What if I said I wanted to reach and maintain a weight of 199 or less before I turn 40? Its very specific, and obviously you can measure it. Is it achievable? Well I’m 6’ tall with a medium build (I’ve always told myself that I have a large frame but It’s always been one of those myths that help me to justify my weight). 199 might be tough, but my body should be able to physically reach that number so it is achievable. Is it realistic? Well I’m 37 right now so it will be 32 months before I hit 40. 98 pounds in 32 months? I think most experts would agree that this goal is achievable. And finally it has a time component so it is a good goal

Short term vs Long term goals

My goal to get to (and maintain) 199 by the time I’m 40 is a good goal, but it will take me 3 years to get there! That’s a long time to wait to see if I met my goal. In order to track my progress I need to set some short terms goals.

How much time you should have between short term goals is really up to the person setting them. There should be enough short term goals to help keep you motivated, but not so many as to take away from the final result. There’s a few things to keep in mind when setting short term goals:

1. They still need to use the SMART format

2. They should not conflict with the long term goal. For instance, if I set a short term goal to lose 2 pounds each month, it would be in conflict with my long term goal to lose 98 pounds in 32 months (2 pounds/month x 32 months = only 64 pounds).

3. Whenever possible try to avoid setting short term goals that build off each other. For example, what if I said I wanted to lose 30 pounds by the end of the year (short term goal #1) and then 60 pounds by the end of march (short term goal #2)? if I miss my first goal it gets that much harder to meet my second goal because the second goal assumes that I met the first. A better choice would be to set a goal to lose 30 pounds every 3 months.

4. Short term goals should be harder than the long term goal. The idea is to push yourself in these short bursts in order to set you up to reach your final goal. A goal of losing 6 pounds each month is tough and much more than needed to reach my ultimate goal. But by doing that I know that if I don’t meet my goal every month, I still have a chance to come out on top in the end.
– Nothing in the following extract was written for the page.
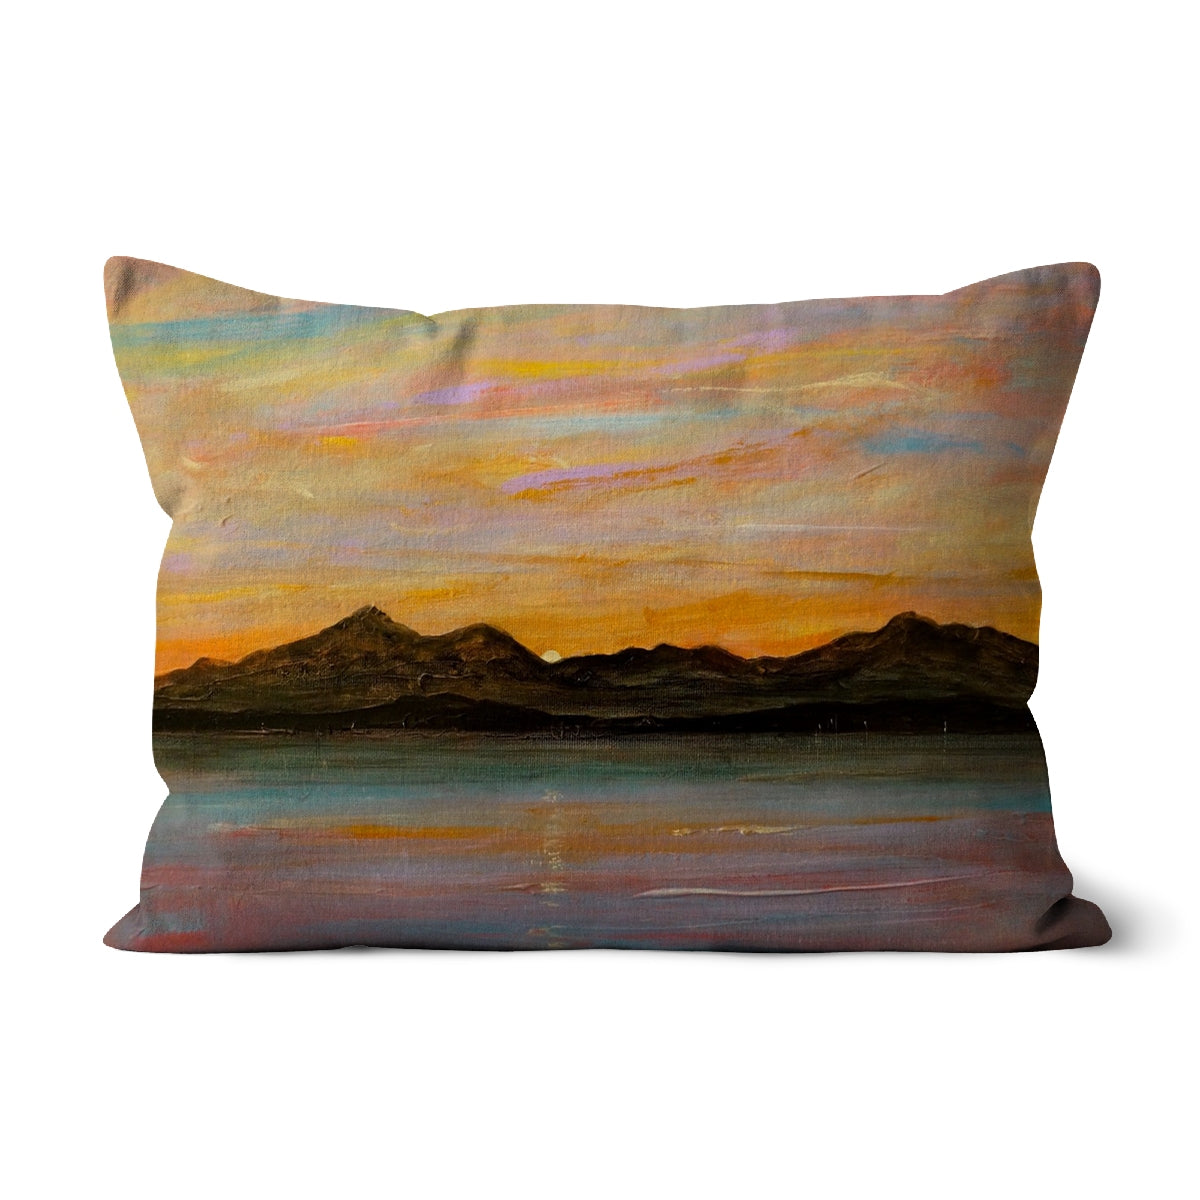 The Sleeping Warrior Arran Art Gifts Cushion-Cushions-Arran Art Gallery-Faux Suede-19"x13"-Paintings, Prints, Homeware, Art Gifts From Scotland By Scottish Artist Kevin Hunter
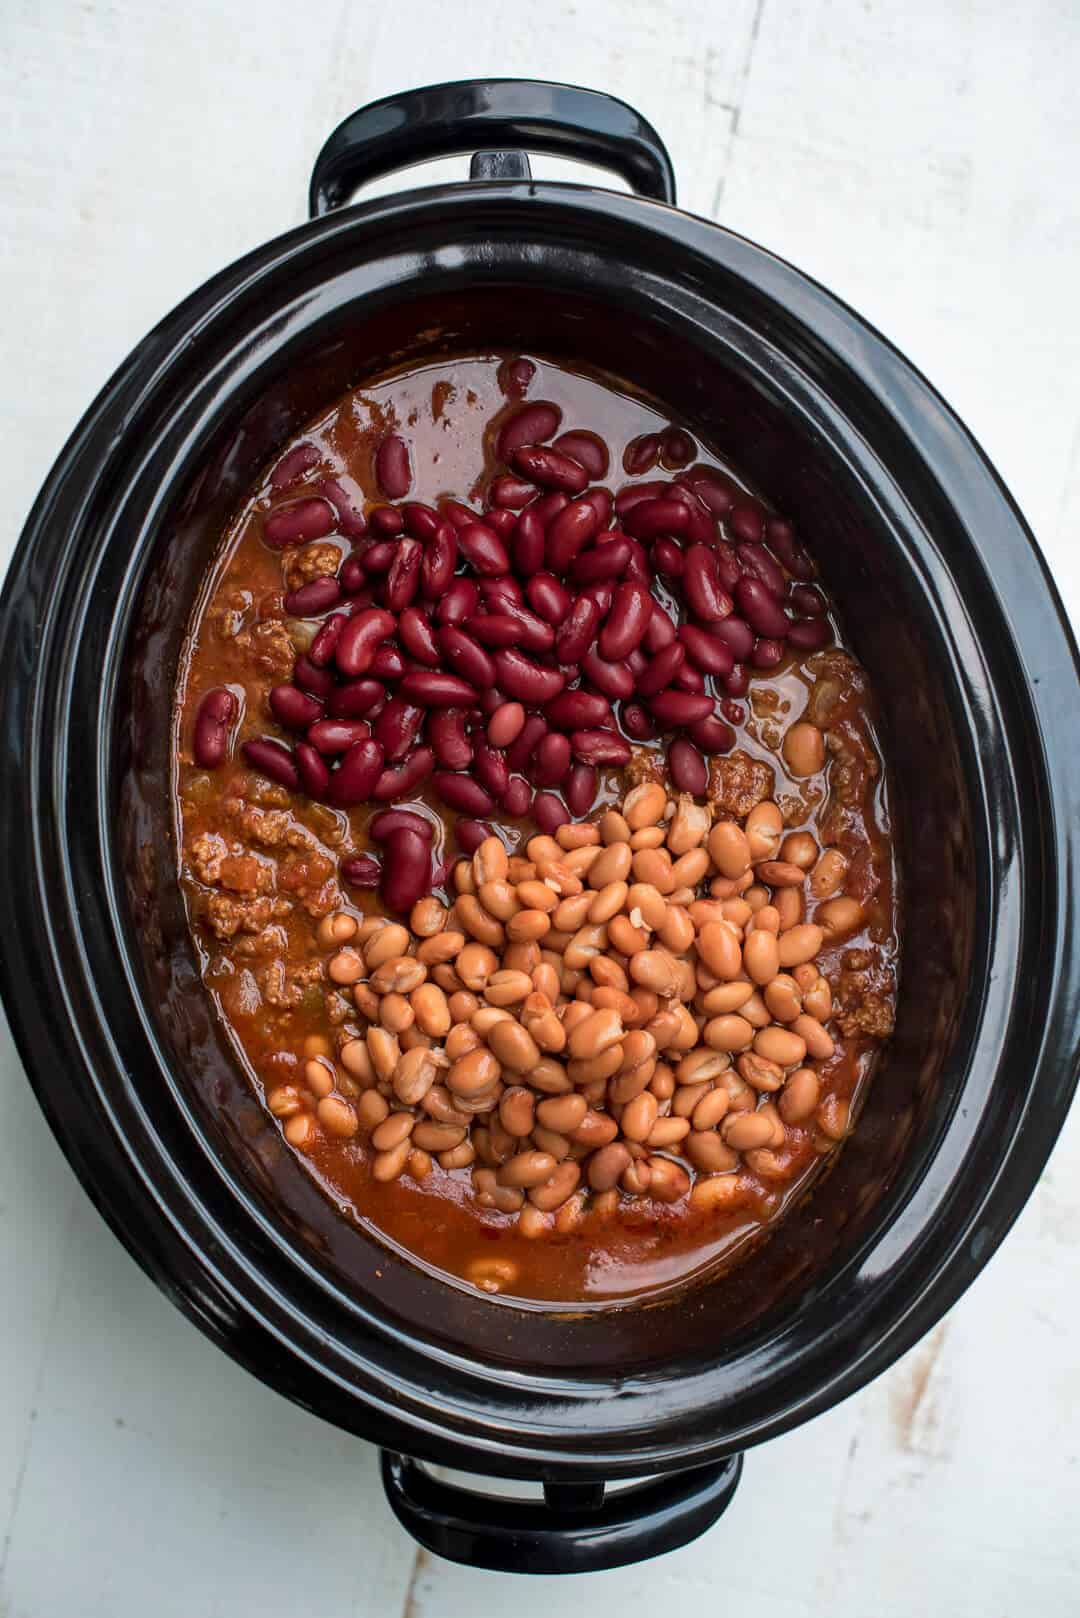 The beans are added to the slow cooker.

5. Short term goals can be dynamic. You don’t have to set all of your short term goals at once. Instead you can wait to see how well you perform on one short term goal and then use that knowledge to adjust and set a new short term goal. Maybe after trying to lose 6 pounds each month for 3 months, you see that you missed you goal every month. You could then adjust for the next 3 month to a new level. It’s possible that the goal you set was not Realistic.


So what should you do when you meet your goals? For some people just the recognition that they achieved something they set out to do is reward enough. For the rest of us something more tangible is needed. Maybe a reward for losing weight could be to take trip you always wanted, or maybe you could buy new clothes. There’s a few things to keep in mind when deciding rewards:

First, rewards should be on the same scale as the goal. Taking a trip to Jamaica because you lost 5 pounds doesn’t seem to fit nor does buying a new ball cap after you lose 100. Maybe you can take that trip when you reach your final goal. Make sure your rewards fit your goals.

Also, rewards shouldn’t conflict with your ultimate goal. Eating a 5 gallon bucket of ice cream every time you lose 5 pounds is a sure fire way to keep you from losing 100. Now before I get a bunch of comments calling me a hypocrite because I said I would cut myself some slack on the weekends if I meet my weekly goal, let me clarify a little. You need to give yourself a break once in a while. If you take things too seriously, eventually you will crack and then things get a lot worse. I’ve learned this painfully through experience. A little treat now and then is OK, but it shouldn’t be your driver for success. If you allow yourself to live a little now and then that’s OK. When I post my goals you will see that this minor indulgence is not the driver for my overall journey.